C’è un motivo per cui la Sicilia attira chi non si accontenta di sognare. Non è solo il mare che cambia colore tre volte al giorno, né i borghi in pietra dove il tempo sembra essersi fermato in modo generoso. È che questa isola, negli ultimi anni, ha smesso di aspettare che qualcuno tornasse e ha deciso di rendere concreto l’invito.
Il 10 aprile 2026 la Giunta regionale siciliana ha approvato il decreto attuativo che rende operativa una misura contenuta nella Legge di Stabilità regionale 2026-2028 (L.R. n. 1 del 5 gennaio 2026, art. 25): un contributo a fondo perduto pari al 50% dell’IRPEF versata per chi trasferisce la residenza dall’estero in Sicilia, acquista o ristruttura un immobile sull’isola e mantiene i requisiti previsti. Il 60% per chi sceglie un comune con meno di 5.000 abitanti.
L’assessore Dagnino l’ha definita «attualmente unica in Italia». Non è un’iperbole: nessun’altra regione italiana ha mai introdotto un contributo a fondo perduto commisurato all’imposta sul reddito già pagata, aperto a lavoratori, autonomi, imprenditori e pensionati, senza richiedere qualifiche particolari o soglie patrimoniali. Ma questa nuova misura si inserisce in un quadro di agevolazioni fiscali in Sicilia che, nel loro insieme, rendono l’isola una delle destinazioni più competitive d’Europa per chi arriva dall’estero.

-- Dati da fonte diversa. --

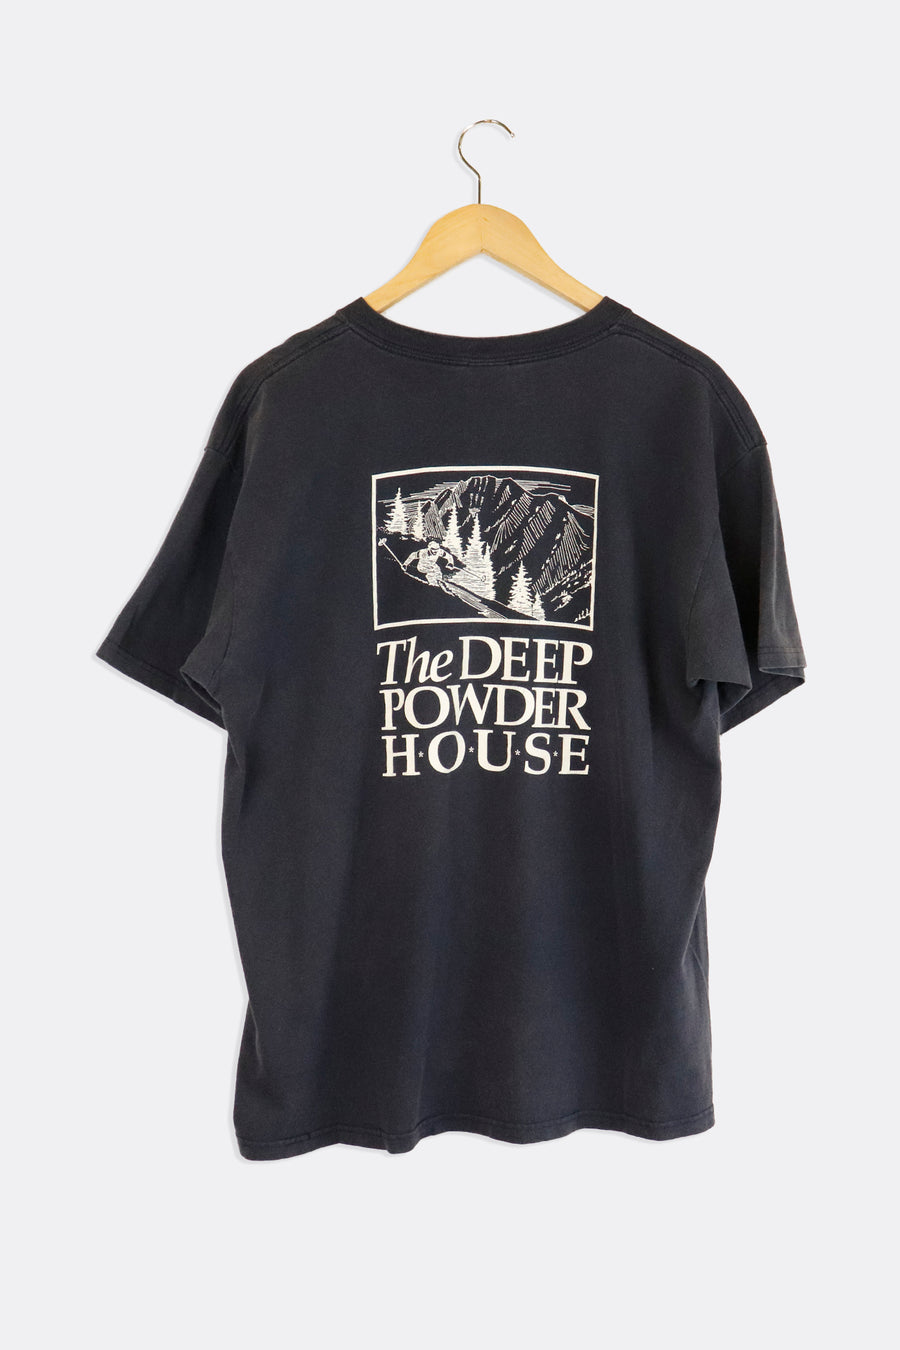 Vintage Alta Deep Powder House Skiing Graphic T Shirt Sz L

Questa guida le racconta tutte — in modo preciso, senza entusiasmi ingiustificati e senza omettere i vincoli che è necessario conoscere prima di decidere.
La novità del 2026: il contributo a fondo perduto pari al 50% dell'IRPEF
Come funziona: il payback, non lo sconto
Il primo equivoco da dissolvere è tecnico ma fondamentale, perché molti articoli lo descrivono in modo impreciso.
Il contributo siciliano non è uno sconto preventivo sull’IRPEF da pagare. Non riduce le ritenute, non abbassa l’aliquota, non funziona come una detrazione da inserire in dichiarazione. È un rimborso a posteriori: prima si paga l’IRPEF per intero con le modalità ordinarie tramite modello F24, poi si presenta domanda alla Regione, che eroga il contributo a fondo perduto pari al 50% (o 60%) dell’imposta già versata.
La sequenza operativa è questa:
- Si trasferisce la residenza in Sicilia e si stabilisce il domicilio fiscale
- Si acquista o ristruttura un immobile entro 12 mesi
- Si presenta la dichiarazione dei redditi e si paga l’IRPEF ordinariamente
- Si presenta domanda di rimborso alla Regione
- La Regione eroga il contributo a fondo perduto
Questo meccanismo ha una conseguenza pratica da non sottovalutare: il beneficiario deve avere la liquidità per pagare l’imposta per intero prima di ricevere il rimborso. Non è un vantaggio immediato alla cassa — è un flusso in due tempi che richiede pianificazione finanziaria.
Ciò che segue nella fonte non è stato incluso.